Hi Colin, Well some people get creative when creating PTR records. Maybe they really want encode something like netmask as Stephane said to provide some additional info for their own helpdek? Chinese don't bother for multiply reasons, same probably apply to Russian part net, cheap Internet access. So when you asking them to fix bad traffic coming from home user they don't bother do anything with it as it cost money for them. On 14/04/15 17:00, Colin Johnston wrote:
Hi Nikolay, I have obvious hit a cultural nerve here, if so I am sorry. At least there is communication on some level, Chinese colleagues would not even bother to respond to aid debug.

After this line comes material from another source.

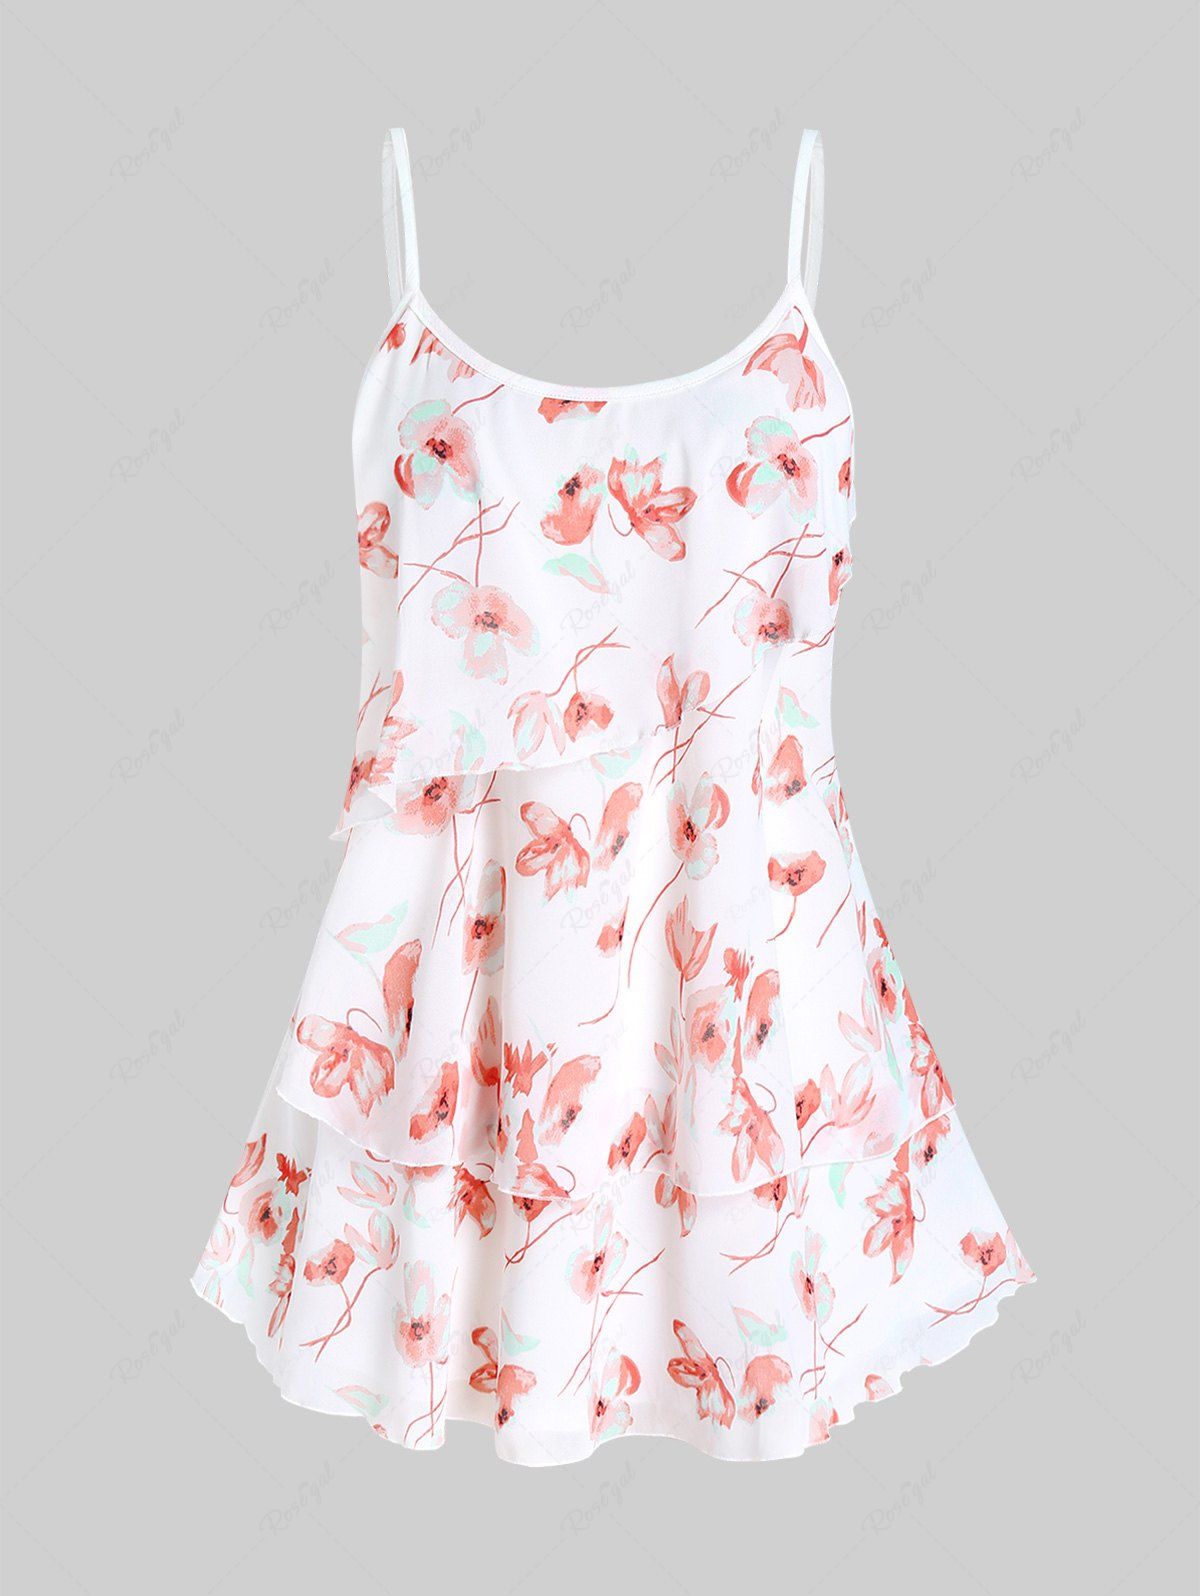 Fashion Plus Size Floral Print Layered Cami Top

Be that as it may, why not use either normal decimal numbers or normal characters to show what a normal person would understand instead of having to convert the shown output ?
Colin
On 14 Apr 2015, at 14:54, Nikolay Shopik <shopik@inblock.ru> wrote:
Are Roman numerals allowed in DNS? Because I know some people also do them.
dig -x 217.199.208.190
On 14/04/15 16:45, Chuck Church wrote:
Comic Book Guy would probably declare:
"Worst Naming Convention Ever"
Chuck
-----Original Message----- From: NANOG [mailto:nanog-bounces@nanog.org] On Behalf Of Colin Johnston Sent: Tuesday, April 14, 2015 9:27 AM To: Nikolay Shopik Cc: <nanog@nanog.org> Subject: Re: macomnet weird dns record
Because looks strange especially if the traffic is 100% bad Best practice says avoid such info in records as does not aid debug since mix of dec and hex
Colin
On 14 Apr 2015, at 14:09, Nikolay Shopik <shopik@inblock.ru> wrote:
How its weird? All these chars allowed in DNS records.
On 14/04/15 15:36, Colin Johnston wrote:
never saw hex in host dns records before. host-242.strgz.87.118.199.240.0xfffffff0.macomnet.net
range is blocked non the less since bad traffic from Russia network ranges.